Le risque immobilier total des caisses d’épargne s’élève de facto à 100 milliards d’euros, dont 28 milliards de créances douteuses (arrêt des remboursements depuis 90 jours), 28 milliards de créances potentiellement risquées (dites subestandard) et 44 milliards d’actifs immobiliers détenus. Le montant des crédits au secteur de la construction et de la promotion immobilière s’élève à 217 milliards d’euros. Les sept banques, dont les principales, qui ont publié leurs résultats voient leurs actifs immobiliers à risque s’élever à 46 milliards d’euros, dont 11,7 milliards d’euros au titre des créances douteuses, 13,7 de créances potentiellement risquées et 21 milliards d’actifs immobiliers détenus dans le bilan. 18 % du portefeuille des prêts du groupe Banco Financiero y de Ahorros, la plus grande union de caisses d’épargne, est ainsi exposé aux prêts immobiliers, soit 41,3 milliards d’euros. 20 % sont douteux et 20 autres pourraient le devenir. Elle dispose par ailleurs de près de 7,4 milliards d’euros de biens immobiliers saisis auprès de débiteurs défaillants, au risque d’apparaître comme la plus grande agence immobilière du pays et le premier propriétaire privé de terrains. Les habitations représentent 35 % de ces actifs à problème. Les établissements financiers Santander, BBVA, Banco Popular, Caja Madrid et La Caixa concentrent 130 milliards de crédits immobiliers dont 22 sont considérés comme douteux et 19 le sont potentiellement. Ils détiennent 27,5 milliards d’actifs immobiliers saisis auprès de débiteurs. Ces cinq entités concentrent ainsi la moitié des actifs immobiliers considérés comme problématiques et détenus par le secteur financier, soit environ 140 milliards d’euros. La Banque d’Espagne estimait initialement ce chiffre à 180,8 milliards d’euros, intégrant notamment les crédits liés aux travaux publics. Quoiqu’il en soit, le taux de créances douteuses du portefeuille de crédits aux promoteurs et constructeurs tourne autour de 18 %. Un tel ratio oblige les établissements financiers à effectuer d’importantes provisions pesant de facto sur leurs bénéfices, en baisse de 5 % en 2010.

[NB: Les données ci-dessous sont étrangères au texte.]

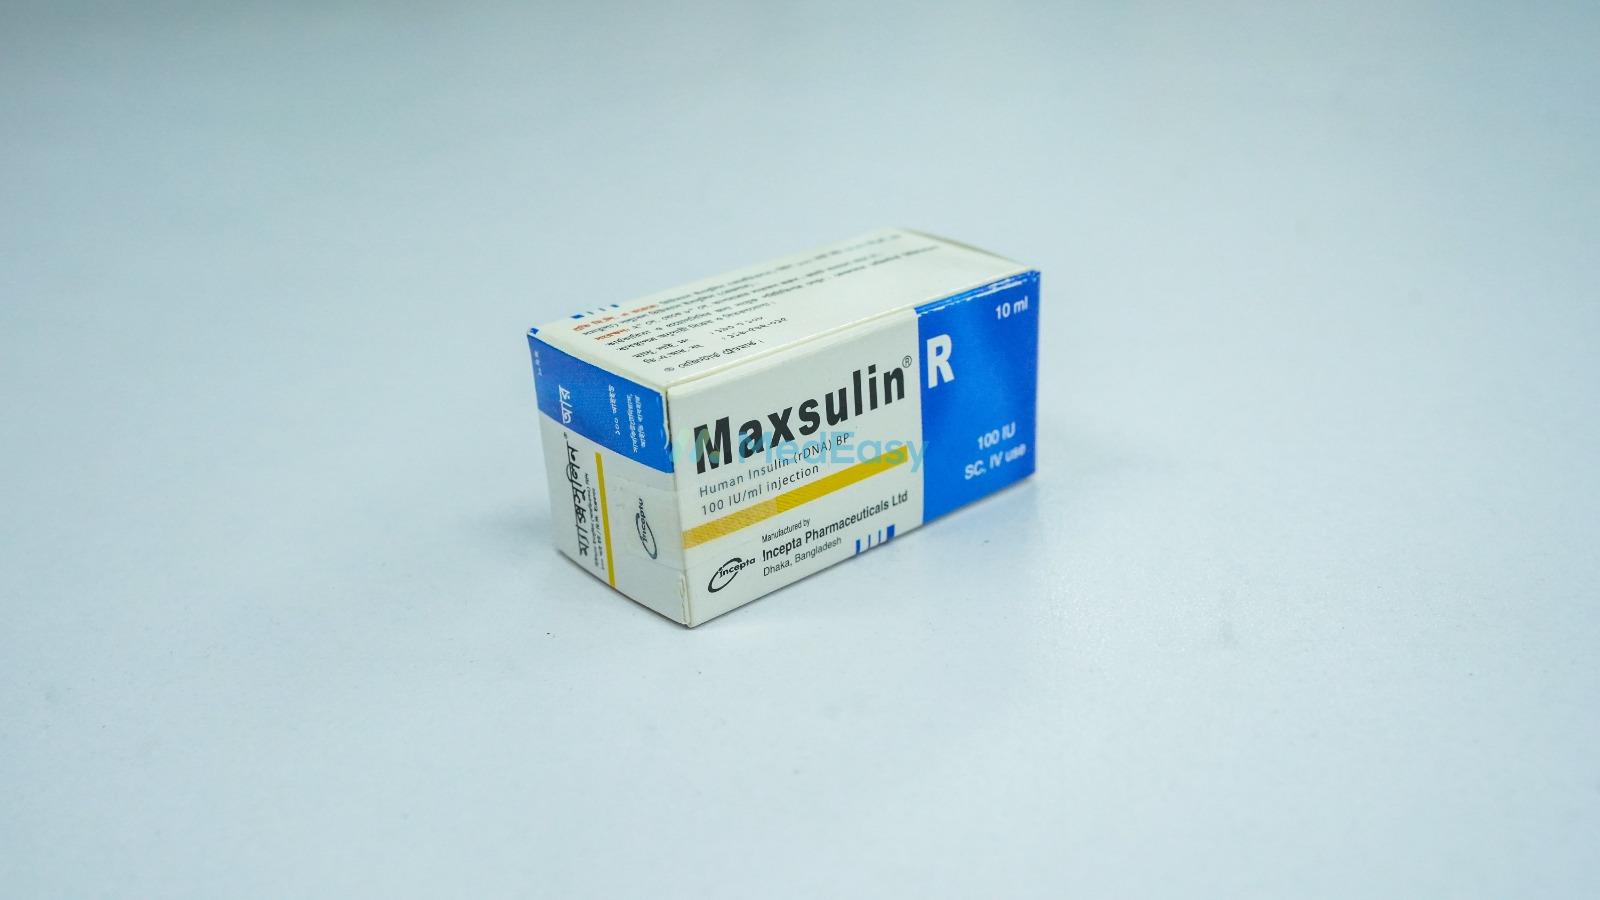 Maxsulin R Vial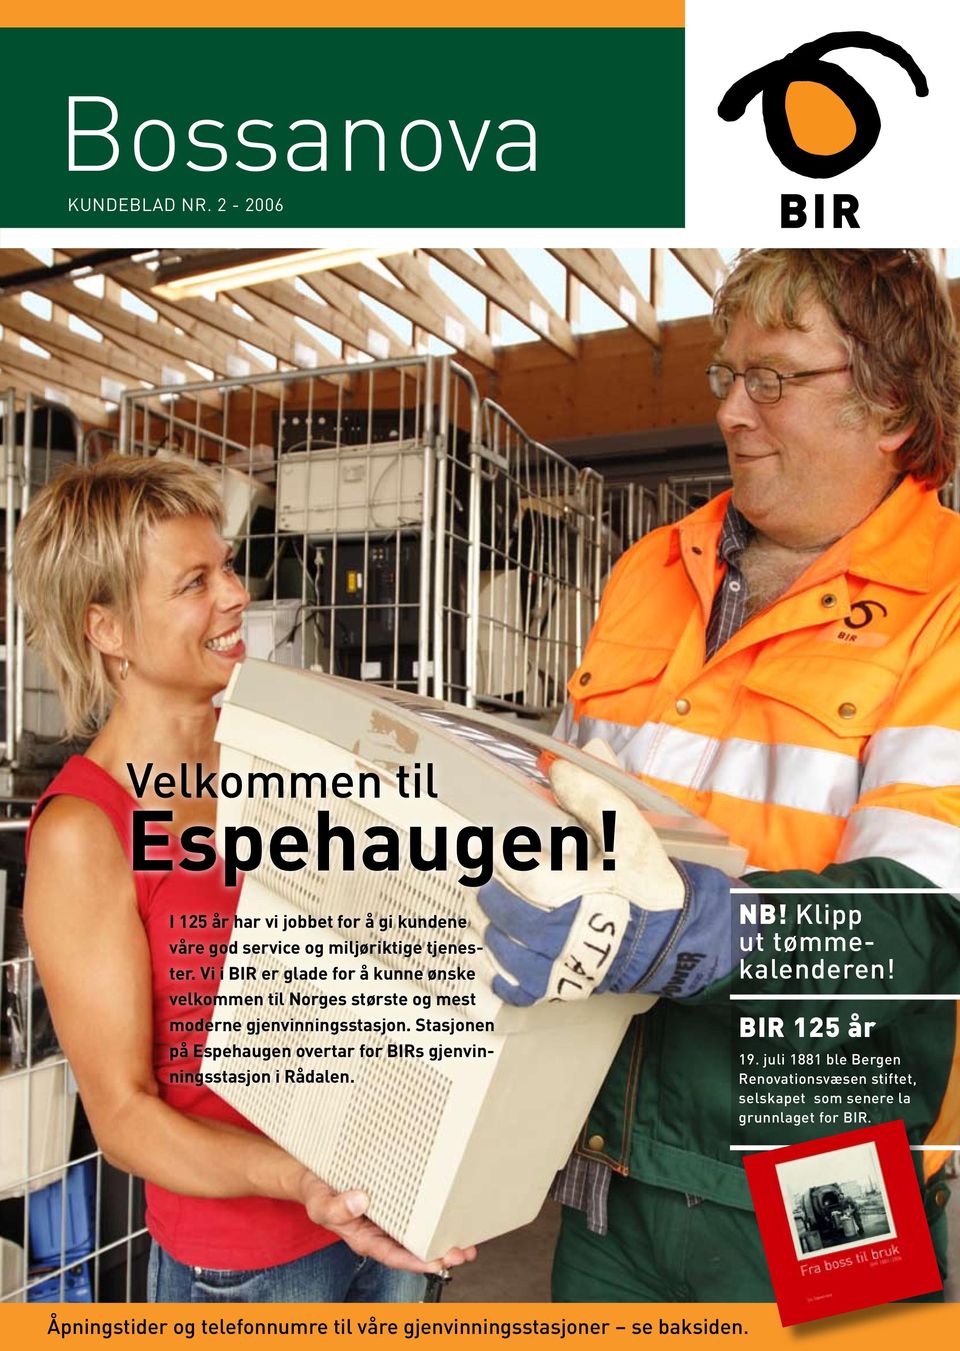 Vi i BIR er glade for å kunne ønske velkommen til Norges største og mest moderne gjenvinningsstasjon.

Chômage et précarité : conséquences sociales et politiques

Avec plus de 20 % de la population active sans emploi, l’Espagne est confrontée à un problème majeur dont il est difficile d’évaluer à terme les incidences tant politiques que sociales. En effet, en trois ans, plus de 2 millions de chômeurs supplémentaires ont été enregistrés. 1,3 million de foyers comptent tous leurs membres au chômage, 2,1 millions de personnes sans emploi sont des chômeurs de longue durée. Le chômage des jeunes atteint 43 % de la population concernée. La question de la reconversion des ouvriers issus du bâtiment et faiblement qualifiés est, par ailleurs, un des grands défis auxquels est confronté le gouvernement espagnol.

A ce chômage de masse s’ajoute une profonde précarité qui concerne près d’un tiers des emplois. Toute une génération de diplômés, les mileuristas, allant de bac + 3 à bac + 5, gagnent 1 000 € par mois. Cette population ne pourrait avoir d’autre avenir que l’émigration. Le salaire minimum s’élève, quant à lui, à 730 € mensuels. Enfin, par ailleurs, alors que les banques ont saisi 300 000 biens immobiliers depuis le début de la crise économique, le nombre de logements sociaux s’avère insuffisant, des familles choisissant le retour chez les parents.

La solidarité familiale est, à cet égard, un réel amortisseur social. 800 familles sont par ailleurs expulsées chaque semaine. Le poids de l’économie souterraine, estimé à 21,5 % du PIB, tempère néanmoins toute explosion sociale. 856 000 personnes travaillaient ainsi « au noir » au quatrième trimestre 2010 contre 500 000 avant 2008. D’autres études mettent en avant le nombre de 4 millions de personnes tirant leurs revenus de l’économie souterraine. La couleur politique du gouvernement modère également la contestation sociale, dans un pays qui semble de toute façon, peu enclin à manifester durablement contre les mesures gouvernementales. L’absence de réaction à la réforme des retraites est, à cet égard, significative. Le recours à la grève générale demeure quant à lui ciblé et limité dans le temps.


[1] Par M. Jean-François HUMBERT, Sénateur.